Following different POV's can always be complicated, but Bardugo does is so perfectly that there is no way you can mix up a character to another. Every character -Kaz, Inej, Nina, Matthias, Jesper and Wylan (yes, there were chapters in Wyllan's POV this time)- has their own and unique voice.

Characters: What more can I say about the characters that I hadn't said before? Kaz is still vicious and keeps plotting. His cunning mind never stops and he's always a step ahead everyone else. Inej is still the perfect Wraith. I still admire her strength and her faith. And, yes, I currently ship Kaz and Inej a lot more than I already did.

“I would have come for you. And if I couldn't walk, I'd crawl to you, and no matter how broken we were, we'd fight our way out together-knives drawn, pistols blazing. Because that's what we do. We never stop fighting.” 

Nina, even though she is fighting the effects of taking jurda parem, is the same old same Grisha who loves chocolate cookies and Matthias.

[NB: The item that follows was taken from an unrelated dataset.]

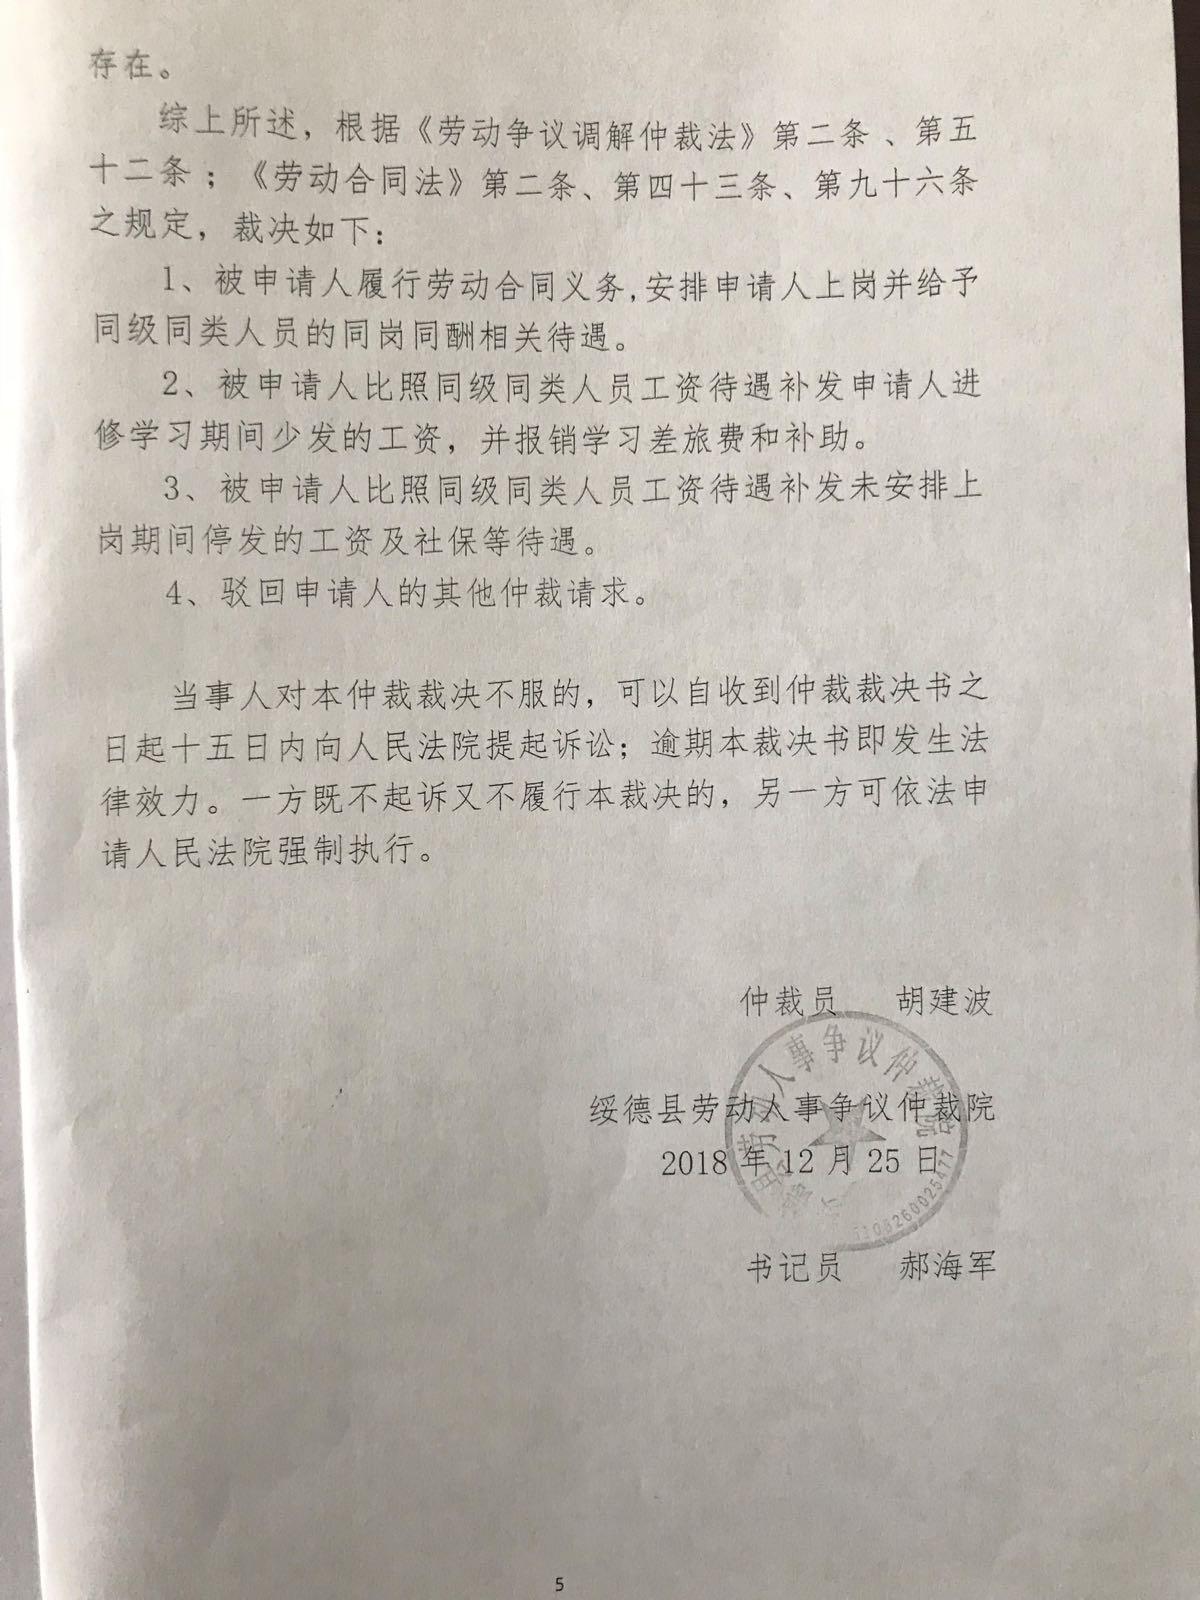 绥德县劳动人事争议仲裁院2018年12月25日作出的裁决书
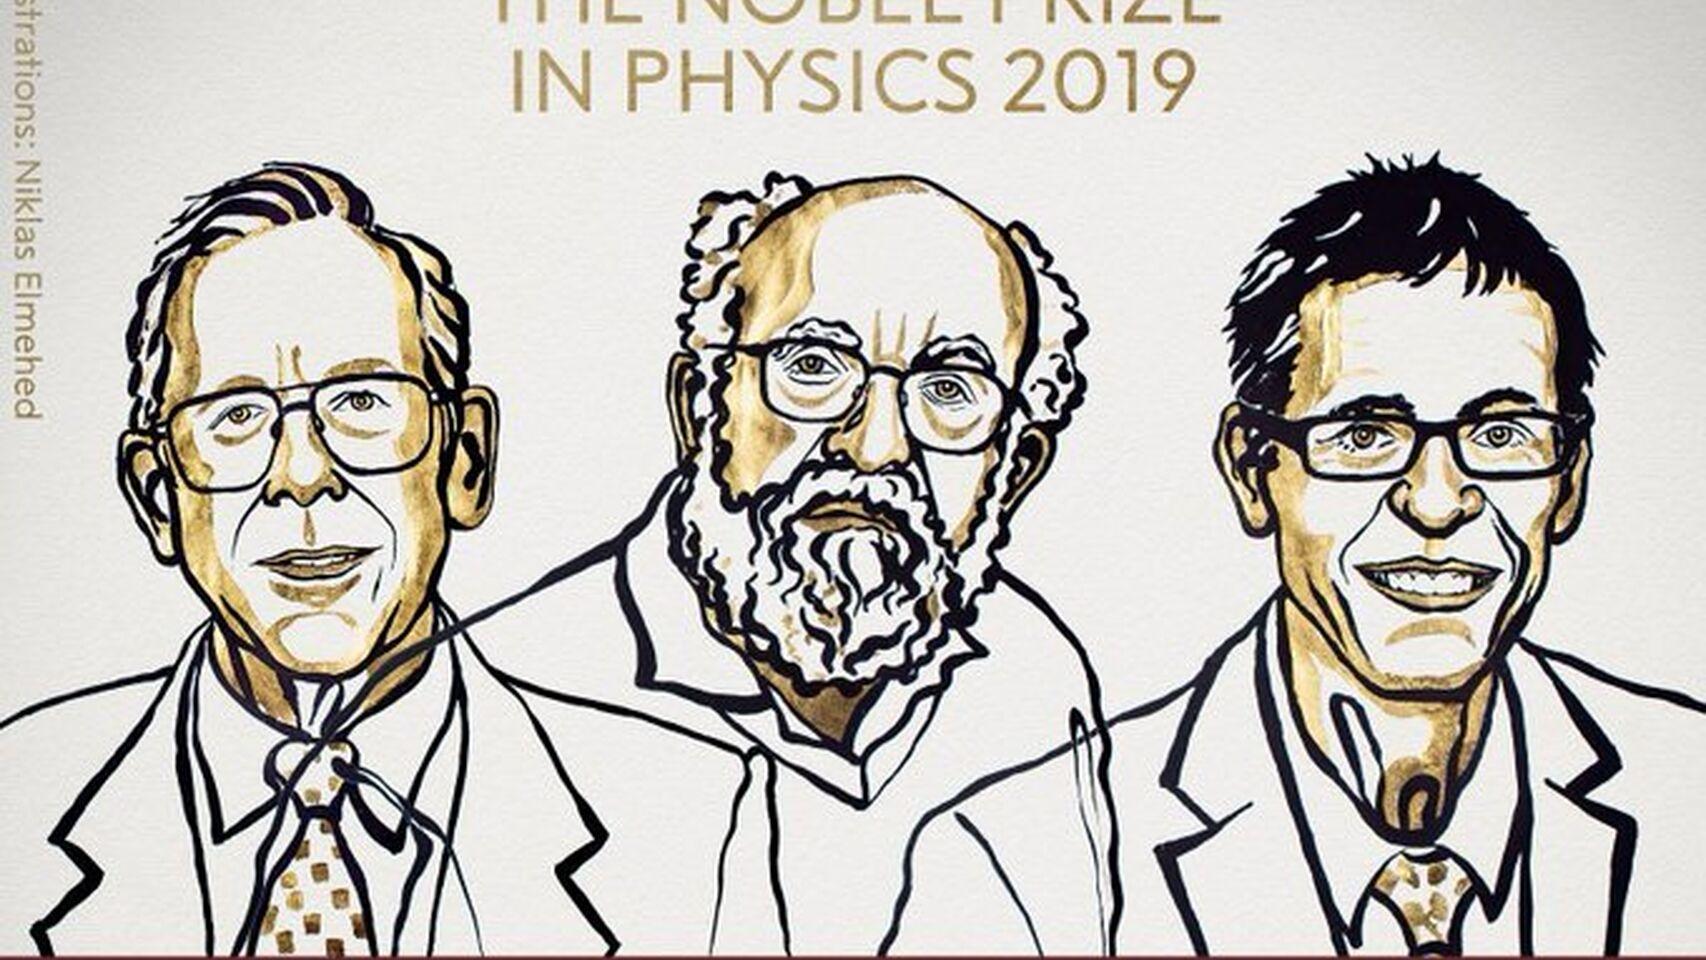 James Peebles, Michel Mayor y Didier Queloz, Nobel de Física 2019.

And, Matthias is still a soldier at heart, but because of Nina's love has started to understand that not everything is white and black. Jesper is still facing his gambling problems along with Kaz's (kind of ) indifference. But he has Wylan, who we finally get to know a little bit more. He's so much more than a merchling.

Worldbuilding: Leigh Bardugo knows how to craft a perfect world. I loved Ketterdam and it will be difficult to say goodbye to its streets full of secrets and dark corners. I guess all I can add is that the worldbuilding is perfectly-flawless.

There is only one word to describe the Six of Crows duology: a masterpiece!